Model on OpenGL 2: Multiple surfaces wrong vertex function

The problem was before tesselation, while determining the vertices. I was looping from i=0 to i<3 instead of i<4, a very simple yet hard to catch mistake. After that, it started to look a lot more like my model. However, the discontinuity was way more obvious. I could make it less by changing the variables I had defined earlier but could not get rid of it entirely.

Model on OpenGL 3: Nearly correct vertex function, before C1 continuity.

Then I realized that my model by design prevented C1 discontinuity. Initially, I was very confused as to why the top was arching even though the control points were colinear there.

Initial
Higher middle arch

So I tried to increase the height of the middle arch, this did looked ok at MATLAB, but the flaw was still very obvious at OpenGL. I later realized the control points at the bottom were not colinear, in fact they were far away from being colinear. This meant I could not have a nice arch on the sides, but sacrifices were made and I made them colinear. This indeed solved my continuity problem.

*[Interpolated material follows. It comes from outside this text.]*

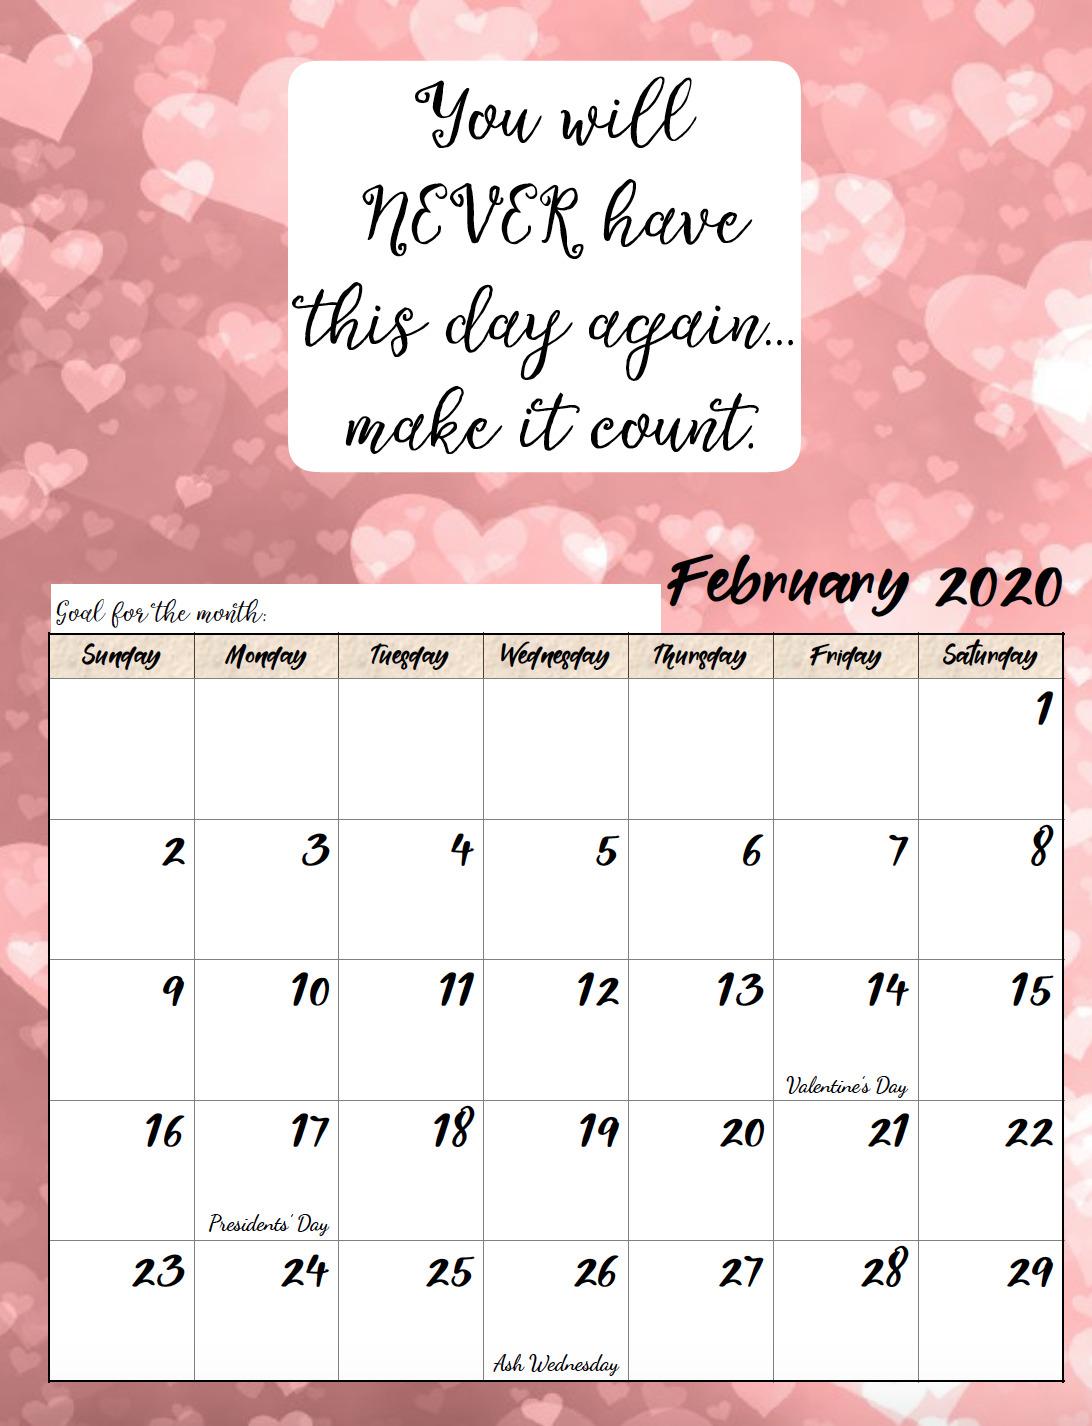 Free printable February 2020 monthly motivational calendar.

Then, I was faced with another issue. This was very obvious and easy to fix. I realized I was summing the normals even at the very sharp edges and decided to keep the duplicate vertices at the sharp edges.

Fixed C1 continuity
Duplicate vertices at sharp edges

At the end, my model was finally presentable. But I wanted it to have at least a resemblance of a face, so I needed eyes.

For the eyes, I added two same surfaces without modeling on MATLAB ( I drew by hand). They are elliptic tubes. I defined new shaders for them since I wanted them to be a different colour than the ghost. I changed their diffuse coefficient to choose their colour as my liking. For testing purposes, white was easiest to see errors.

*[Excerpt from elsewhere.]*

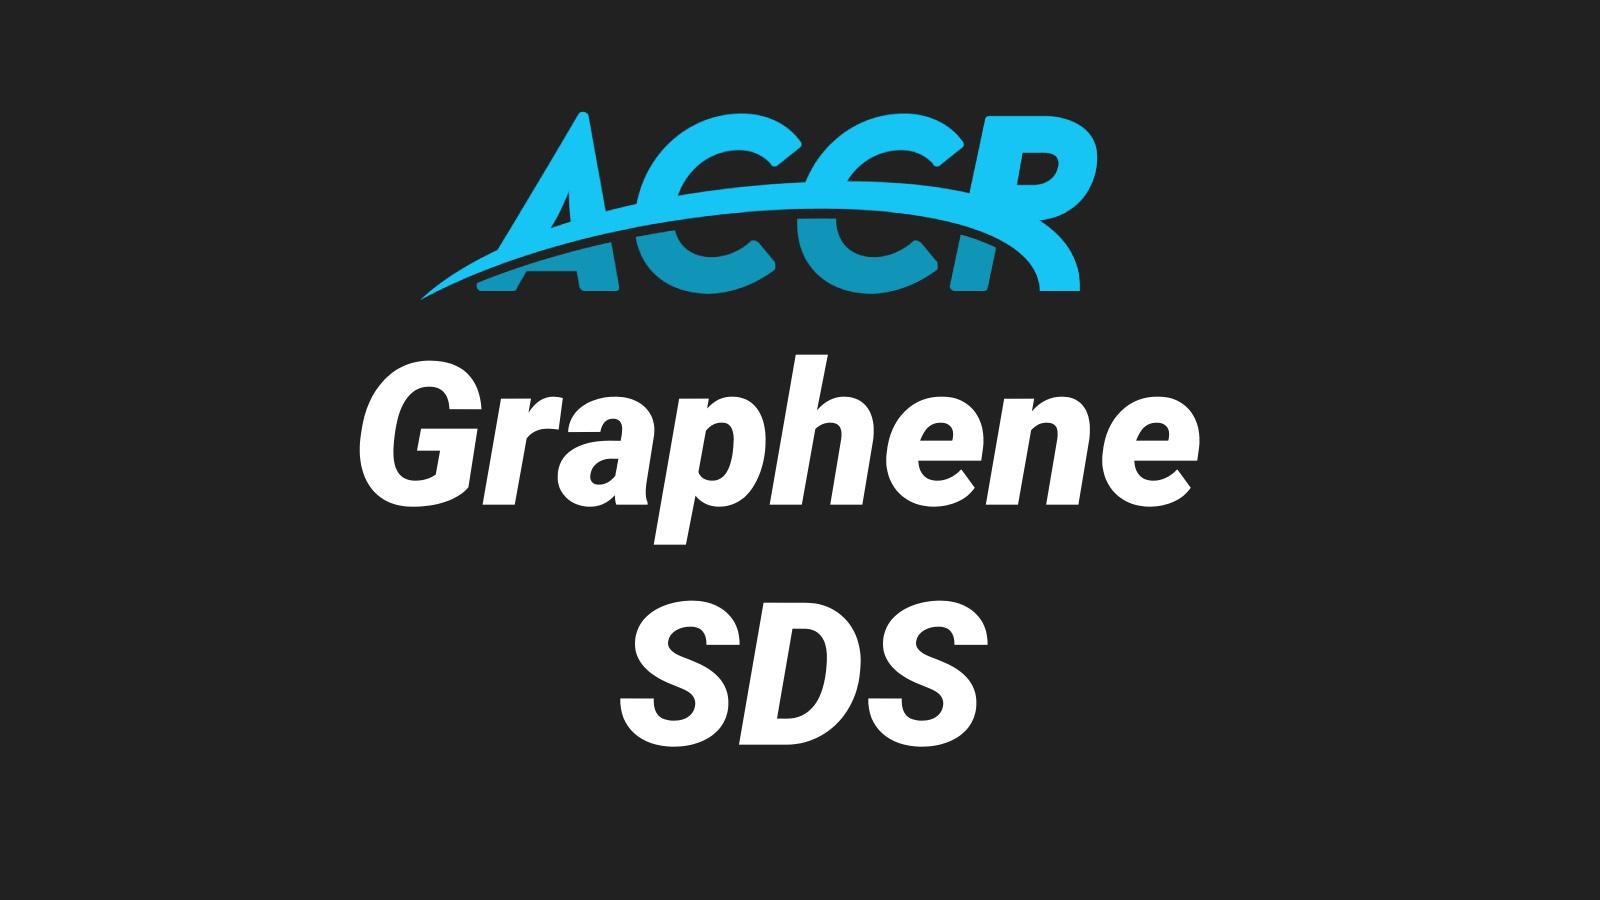 Graphene Material Safety Data Sheet (SDS)

I, again had to fix the duplicate vertices by hand since I did not write an automatic code for it. Thanks to my vertice index array, such requirements are easy to add and just needs a small if condition.

Duplicate vertices present
After eliminating duplicate vertices

Then I put the eyes back into their sockets 🙂 I also slightly tilted the eyes to better fit the shape of the ghost.

Final version of the model

Part 2: Curve

For the curve, there were several steps I needed to do.

First, I needed to determine the control points. I preferred to randomize them completely for the model to stay within the window boundaries. However at first, it was far from randomization, so I determined certain ranges. The curve now would be within any box I determined.

I liked the idea that the ghost would come quite close to the camera, but this meant that I needed to restrict x and y ranges quite drastically. I did not want to give up on any range of the coordinates, so I did the modification below:

This works because my z values are always smaller than -1.

After the control points, I again sampled several vertices on the curve using the same Bernstein polynomials. Initially I chose 10 as the sample size, which was not smooth at all.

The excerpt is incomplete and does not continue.